In these four verses, some form of the Greek root-word for house (oikos) appears six times, underlining the writer’s point that Jews and gentiles have now been fitted together into the one household of God, the Church. And Christ is the capstone of the whole structure.


If you’re interested, here’s the passage with those six greek words in parentheses:


19 So then you are no longer strangers and aliens (paroikoi), but you are fellow citizens with the saints, and are of God’s household (oikeioi), 20 having been built (epoikodomethentes) on the foundation of the apostles and prophets, Christ Jesus Himself being the corner stone, 21 in whom the whole building (oikodome), being fitted together, is growing into a holy temple in the Lord, 22 in whom you also are being built together (sunoikodomeisthe) into a dwelling (katoikterion) of God in the Spirit.  


Think the writer is trying to make a point? Anyway, my favorite of these six words is oikeos, “household,” which conveys the idea of a group of people living together, including family and servants. To me it implies a sense of belonging, of a safe place where you have an identity, and are surrounded by people who care about you and value you. St. Paul speaks of the church as “the household of God,” made up of Jews and gentiles, saints and sinners, rich and poor, and people of various races, nations and languages. And this sounds like a worthy ideal for the Christian church to aspire to.

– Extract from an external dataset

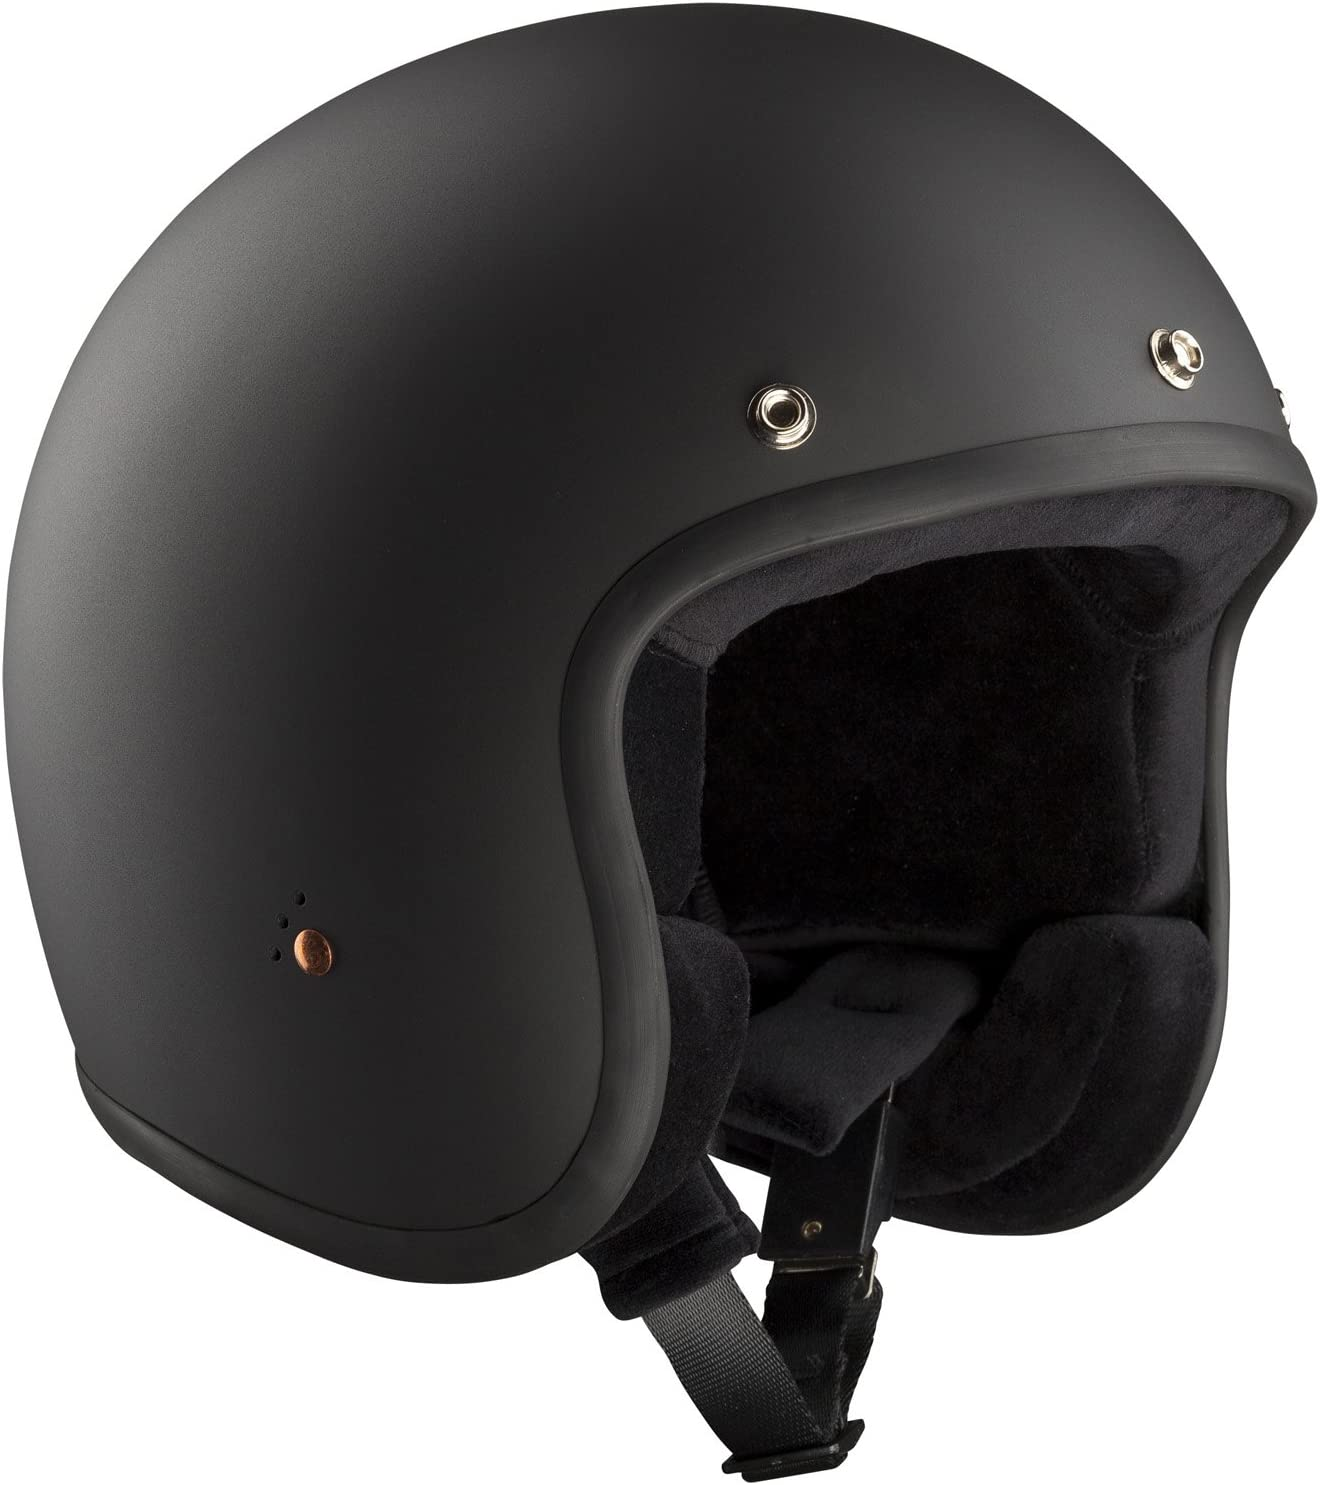 Casco jet Bandit helmets

Yet, just as with immigrant New York, tribalism and xenophobia have always worked their way into the church, beginning in the time of Acts, when the Christians wondered what to do about the non-Jews who wanted to join their community.  

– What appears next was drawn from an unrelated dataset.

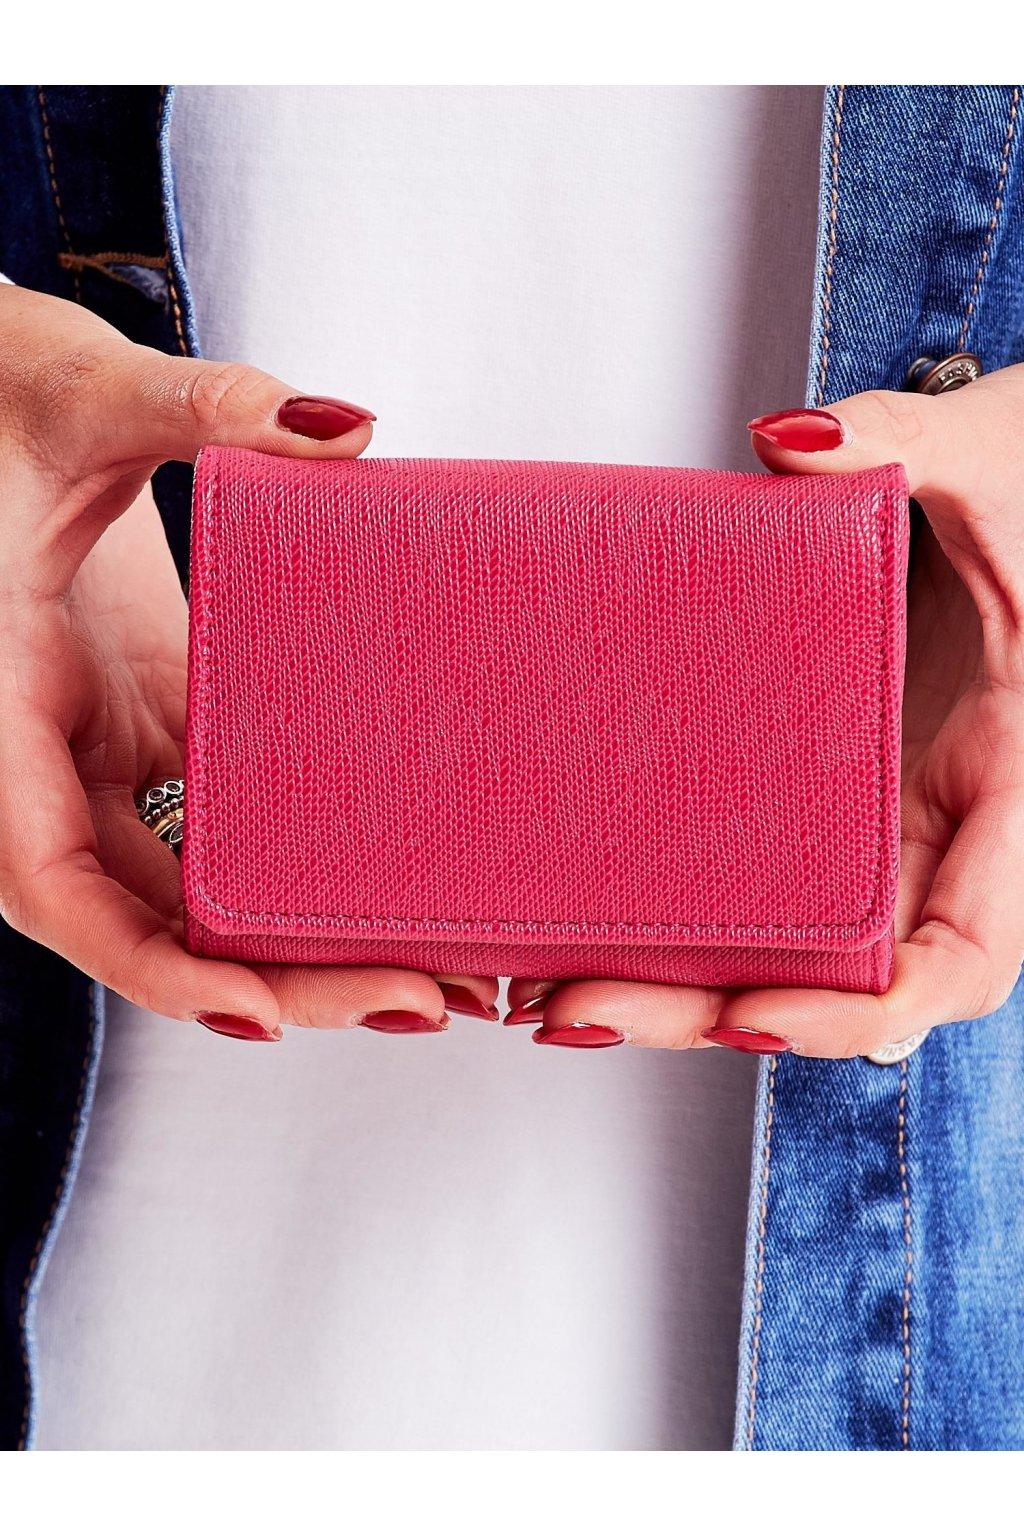 Peňaženka kód G114-1620

It seems to me that the latest version of this kind of exclusionary stance can be seen in the
passionate reaction by some Christians against Pope Francis’s questioning why we must exclude certain people from the Lord’s table, and publicly suggesting that we need to look at ways of welcoming more and more of God’s children to the household of God. There are people who believe that this attitude of the Pope's makes him the Antichrist because it threatens to dilute the purity and the holiness of the household of God.



In this passage from Ephesians, there’s mention of the foundation of the house (the apostles and prophets), and the cornerstone or keystone (Jesus), but nothing about walls. Hmmm.